Hacker News new | comments | show | ask | jobs | submit login
[flagged] 20% of all Node.js modules found vulnerable to injection attacks (acolyer.org)
65 points by crispyporkbites 4 months ago | hide | past | web | favorite | 40 comments



This headline is entirely false - 20% of Node modules use 'eval' or 'exec'. While these are certainly less secure and a strong secure coding standard would probably ban them or at least reduce their use, it's entirely possible to use both in safe ways.


Further on:

> 18,924 of all 51,627 call sites are found to be statically safe (36.66%)

> The templates for the vast majority of call sites have at most one hole, and very few templates contain more than five.

If you've got a dependency that calls eval or exec, those aren't great odds that they're doing it safely.


That still requires you to know whether either is being called with user-provided values before you can say it's unsafe.

If, for example, someone had a utility which resized user-uploaded images you couldn't say simply calling exec to run something like ImageMagick was unsafe before checking whether it used the user's filename.


I think that's what they're saying in those quoted lines though. That 36% appeared to be statically-safe (i.e. the string sent to eval or exec was generated using only strings defined in the code) and the others were not.


True — it wasn't clear to me whether e.g. a random temporary filename would be considered static or only actual fixed strings in the code. (Similar questions would arise if e.g. a web app saved things using a database primary key so it's technically not static but the attacker doesn't control it even if they control the file contents)

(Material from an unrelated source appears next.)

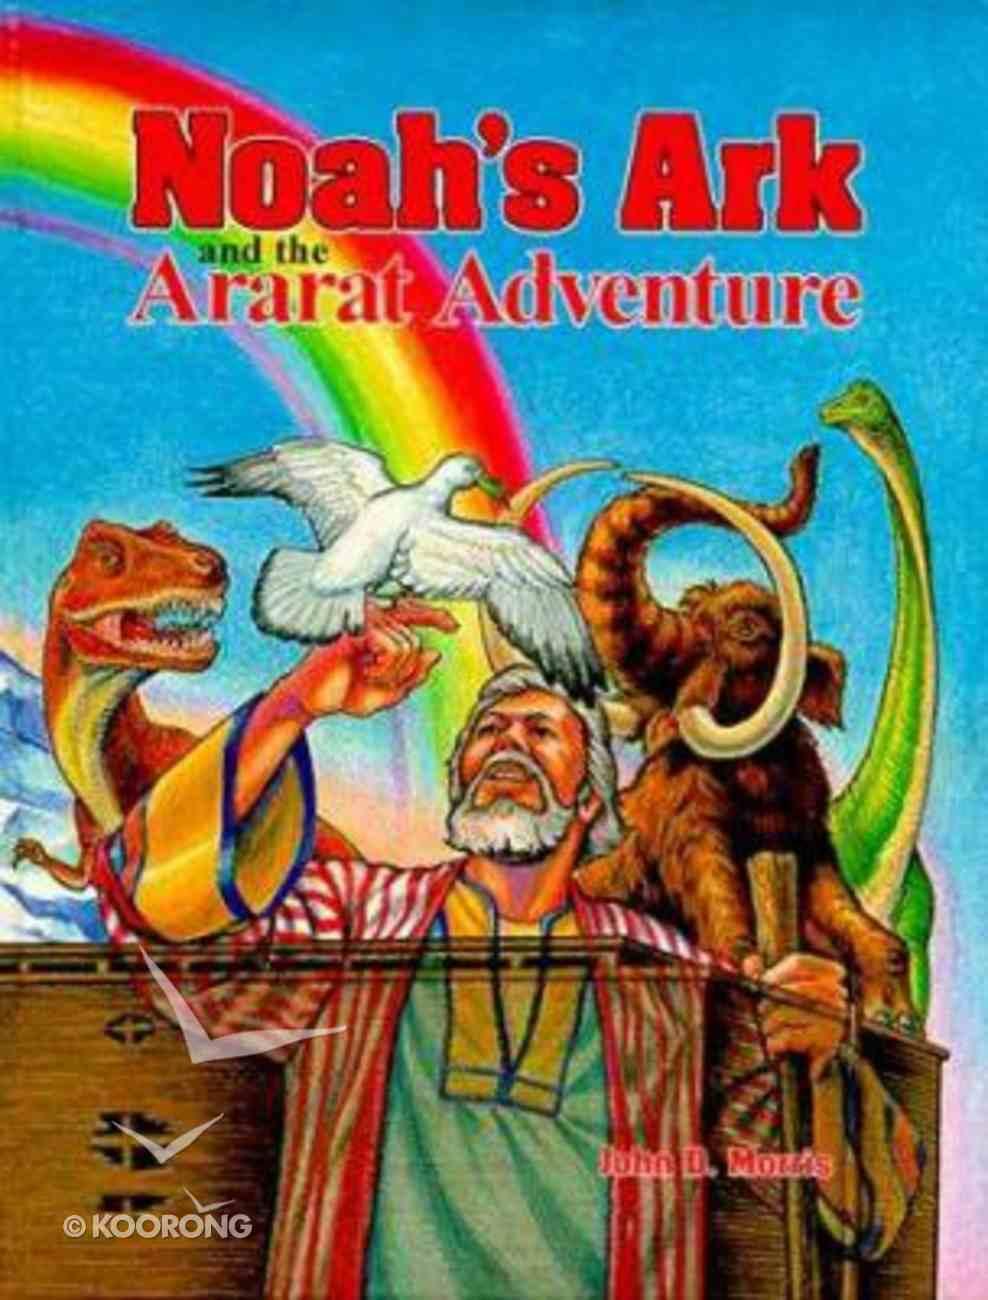 Noah's Ark and the Ararat Adventure Hardback

Ahhhhh nice, I hadn't considered the "random temporary filename" or "db primary key" aspect either. That's something that gives me a small chill, but it's not the end of the world compared to "arbitrary user input piped to exec()"

Who knows how elaborate their static analyzer actually is in practice? I wrote a Python analyzer in grad school, and the results were both pretty interesting (type inference tracing through function calls) and pretty mediocre. It was also fiddly-as-hell to get working. Plus... the first rule of statically-analyzing dynamic languages is that the results get weird after the first eval()--anything could happen!


Yeah, as a developer I see plenty of appeals to dynamic languages but they’re certainly a nightmare for tool authors. I know OpenStack was working on a security scanner for Python – I wonder what percentage of the open issues start with “this is probably very hard but…”


That 20% includes dependencies. I'm sure the majority of those are cli tools (webpack etc), i.e. they don't take unsanitized input from web forms etc.


As someone with almost 40 years of Lisp experience, I firmly believe that the only correct place to call 'eval' is in the implementation of a REPL. For any other purpose that you might be tempted to use it for, there is a better way, that is not only more correct but also faster. Usually, the better way is to pass a function to be called rather than an expression to be evaluated.

There are more legitimate uses of 'exec', of course, but one still needs to be very careful with it. If there really are Node modules that pass their input to 'exec', that strikes me as very poor design.


> the only correct place to call 'eval' is in the implementation of a REPL.

Don't forget also: if you're reading uncompiled code from a file, that's an occasion for eval.


There are a handful of other valid uses, but there are many invalid ones. I recall, a couple of years ago, hearing about a Rails vulnerability caused by some API method calling 'eval' on one of its arguments if it happened to be a string, just as a convenience for some use case. The fact that it did so wasn't even documented. I was left with the impression that most programmers don't understand how to use 'eval', or rather, how and why not to use it.


It's not even that. It's more like "20% of Node modules use _or include a module somewhere in their dependency chain which uses_ 'eval' or 'exec'".

So if my backup utility happens to depend on a wrapper library for node's Child Process module (which probably doesn't sanitize its inputs, as that would break quite a bit of functionality), it's considered "vulnerable".


And why shouldn't it be?


Maybe because it's not sending user input into the "vulnerable" API? Or because it's not even calling the "vulnerable" API in the first place? Or because it's a system utility which will never be exposed to untrusted user input?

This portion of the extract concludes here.